:: RAW DATA

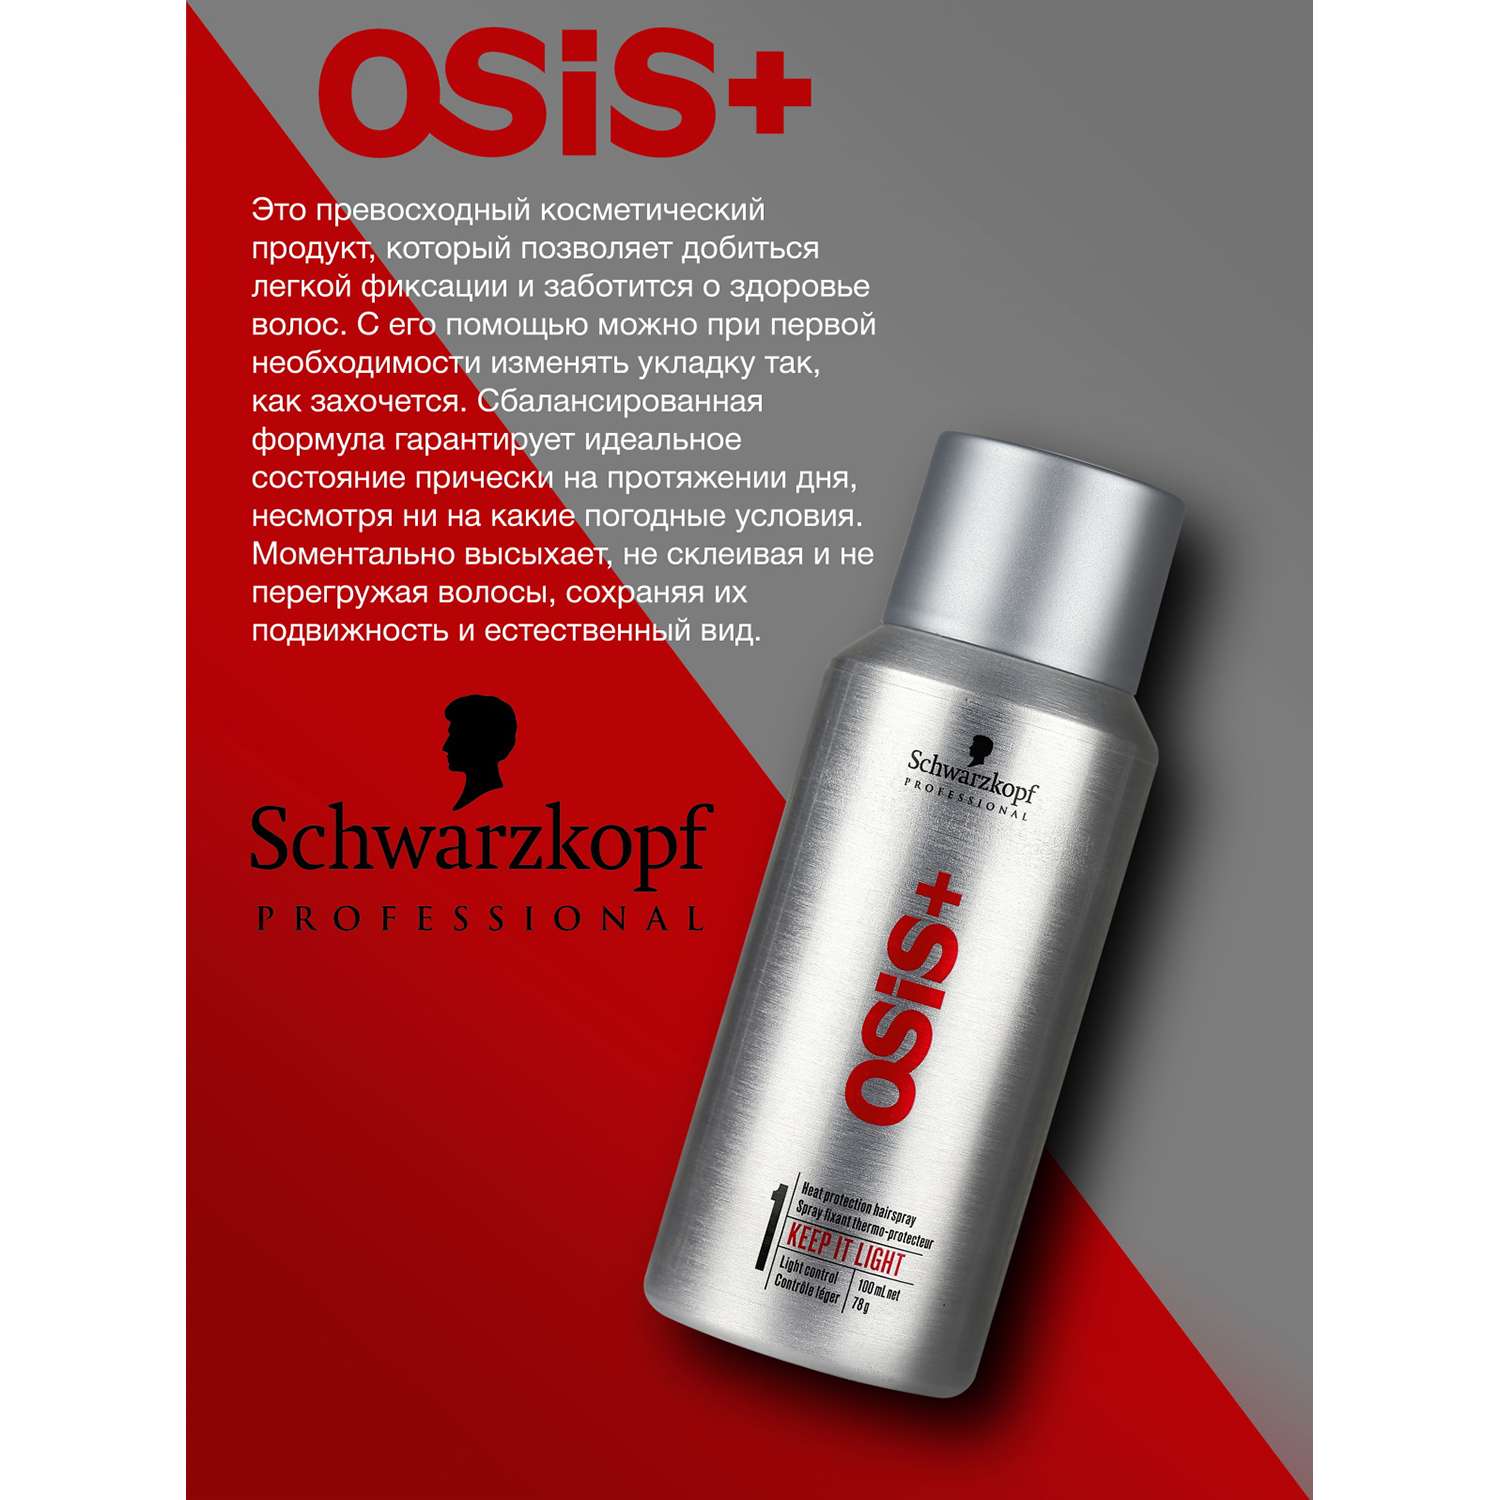 Лак Schwarzkopf Professional OSIS+ легкой фиксации термозащитный keep it light 100 мл - фото 3
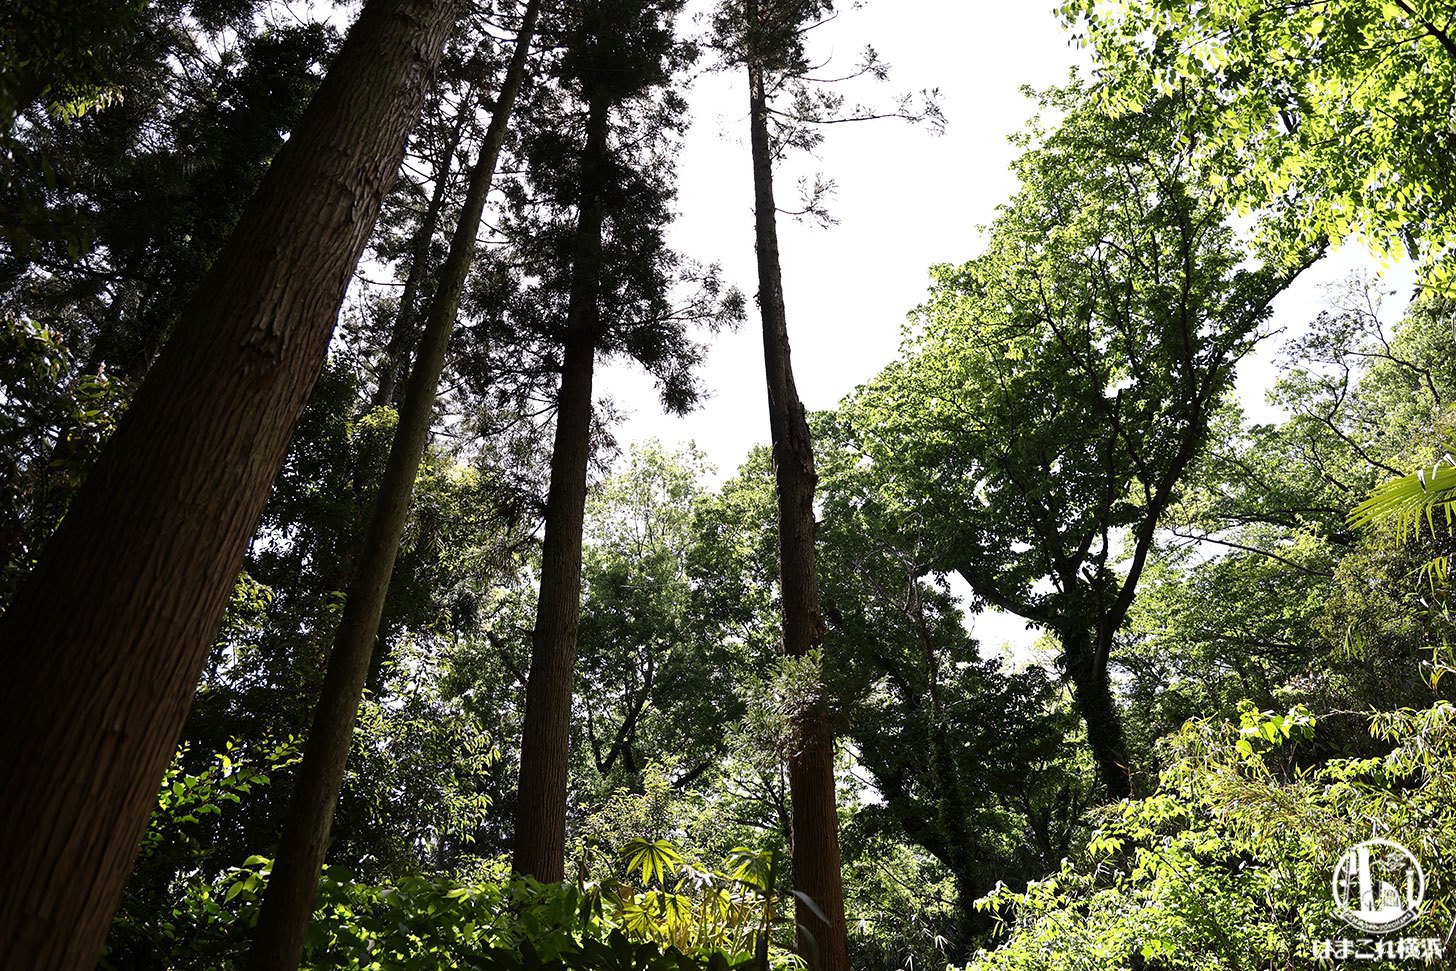 陣ケ下渓谷公園 遊歩道の途中で見た大きな木々
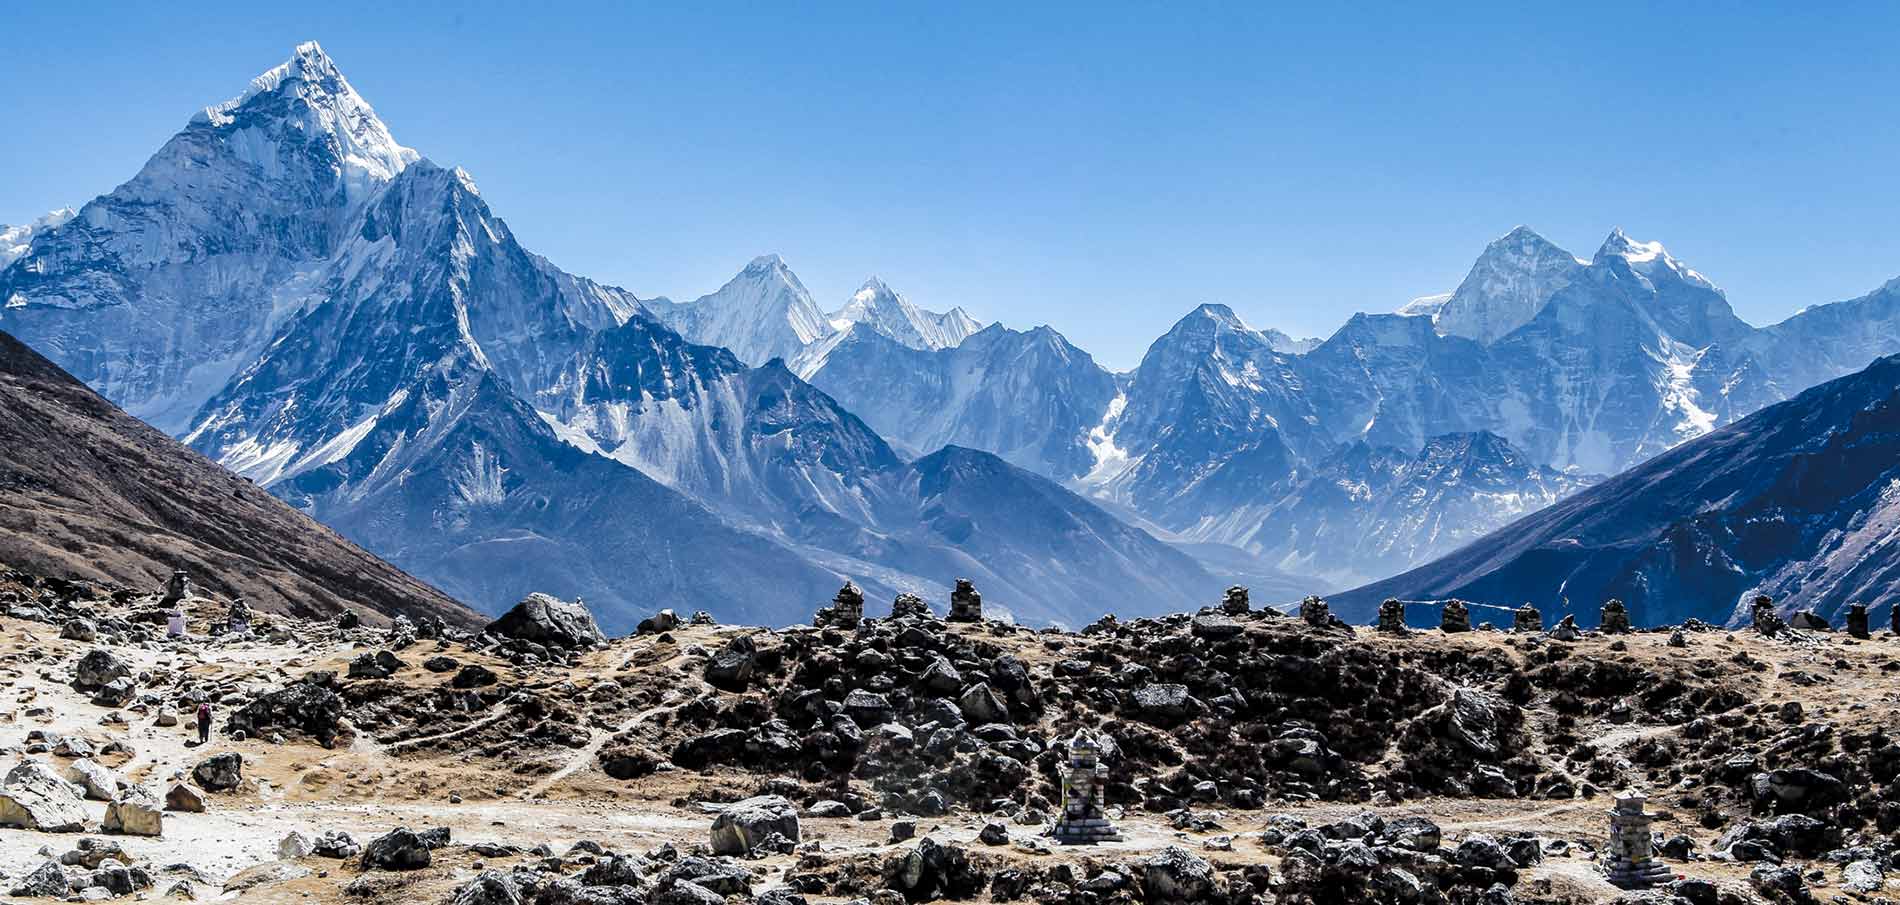 Bí ẩn về cấu trúc rỗng và kho báu bí ẩn bên trong dãy Himalaya- Ảnh 1.
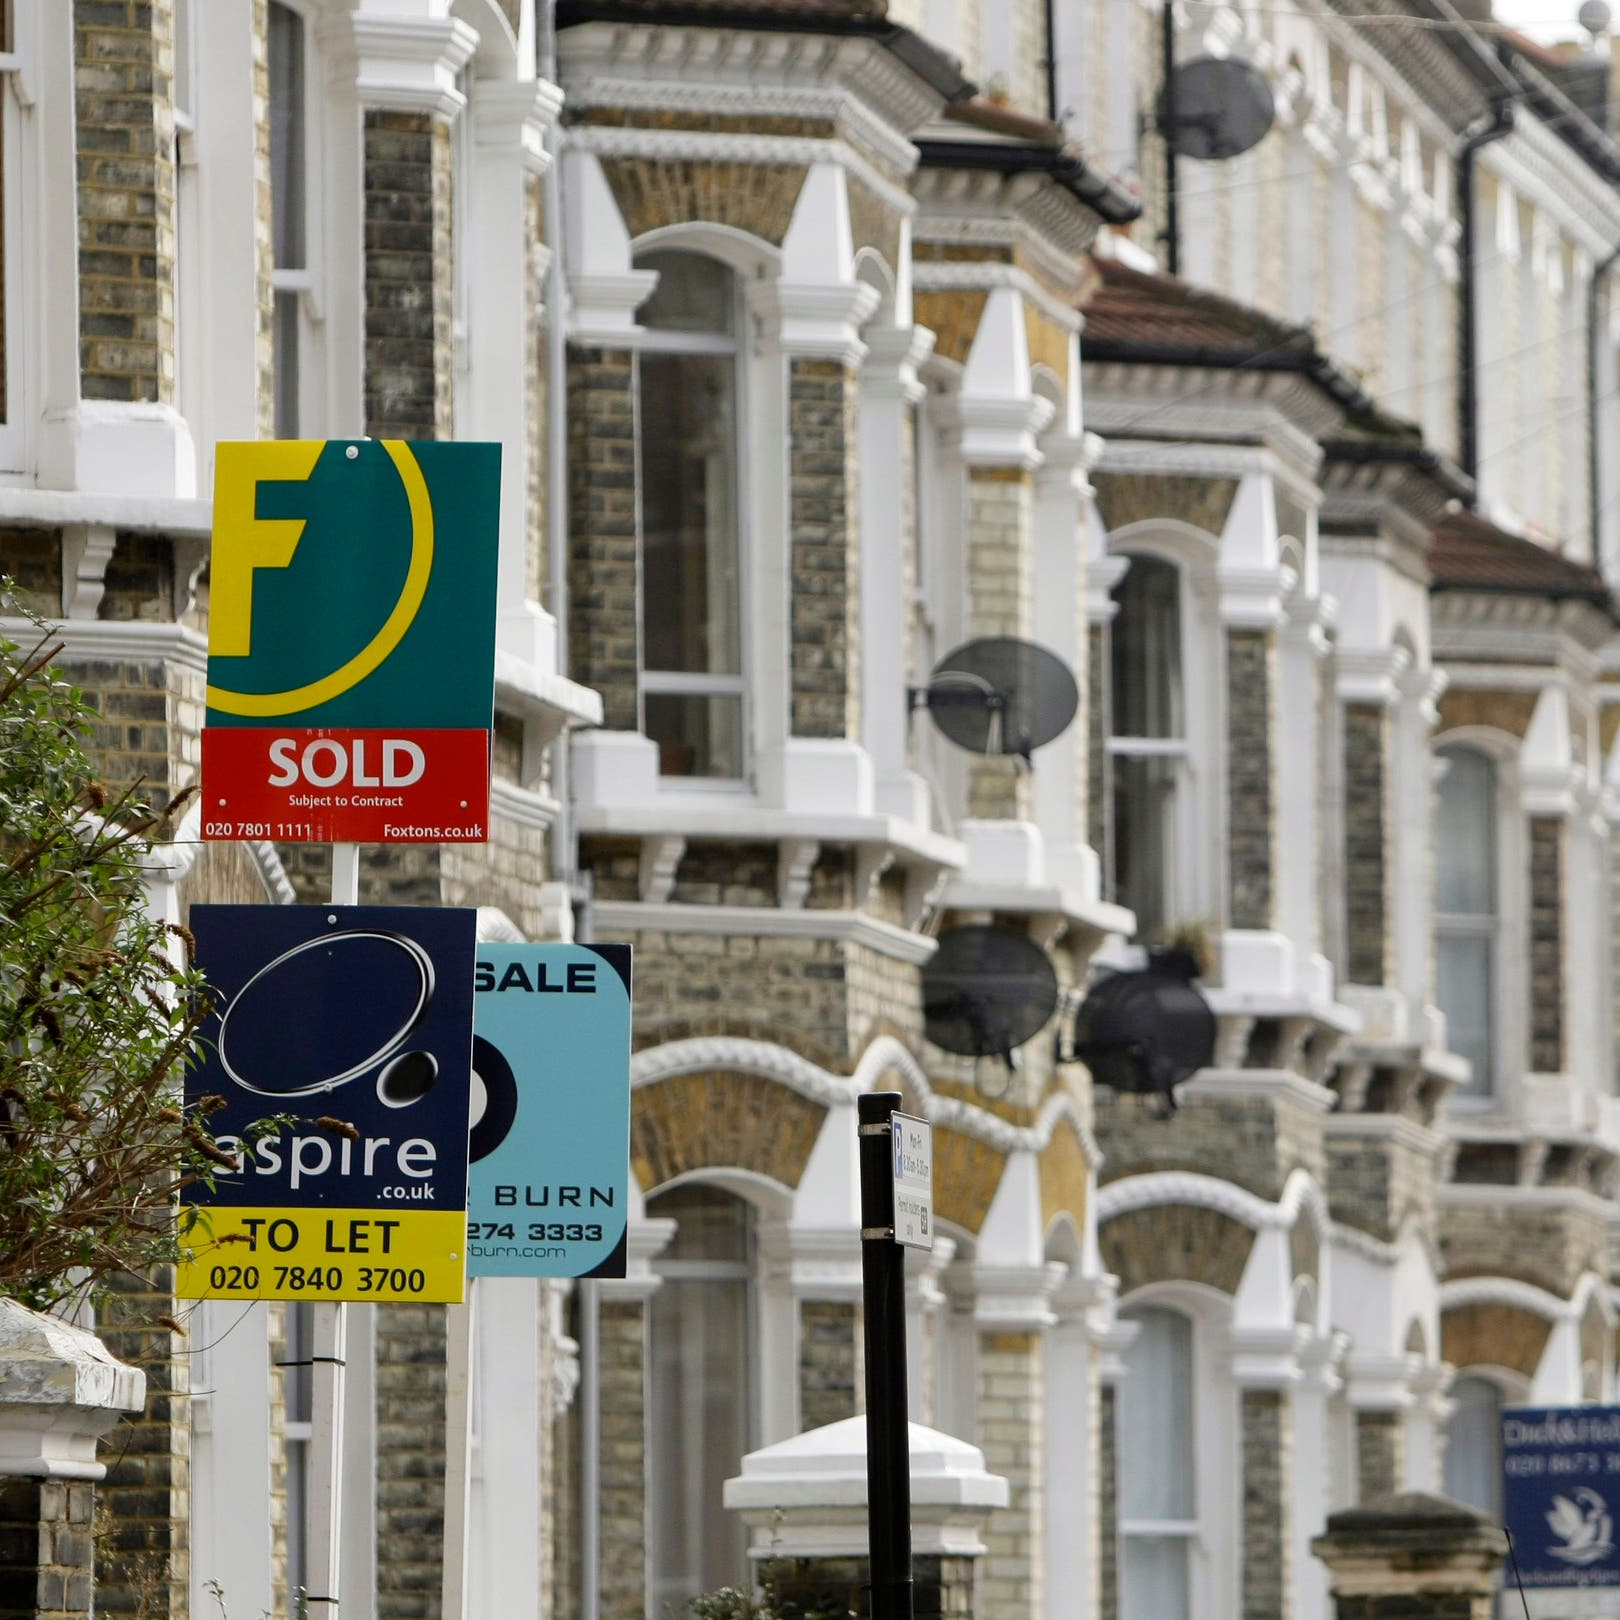 أكبر زيادة سنوية لأسعار المنازل البريطانية في 4 سنوات

::::

Copying starts at the line containing "Bí ẩn về cấu" and ends at the last line of the material above; repeat only those lines exactly and omit the pictures.

 Bí ẩn về cấu trúc rỗng và kho báu bí ẩn bên trong dãy Himalaya- Ảnh 1.
 أكبر زيادة سنوية لأسعار المنازل البريطانية في 4 سنوات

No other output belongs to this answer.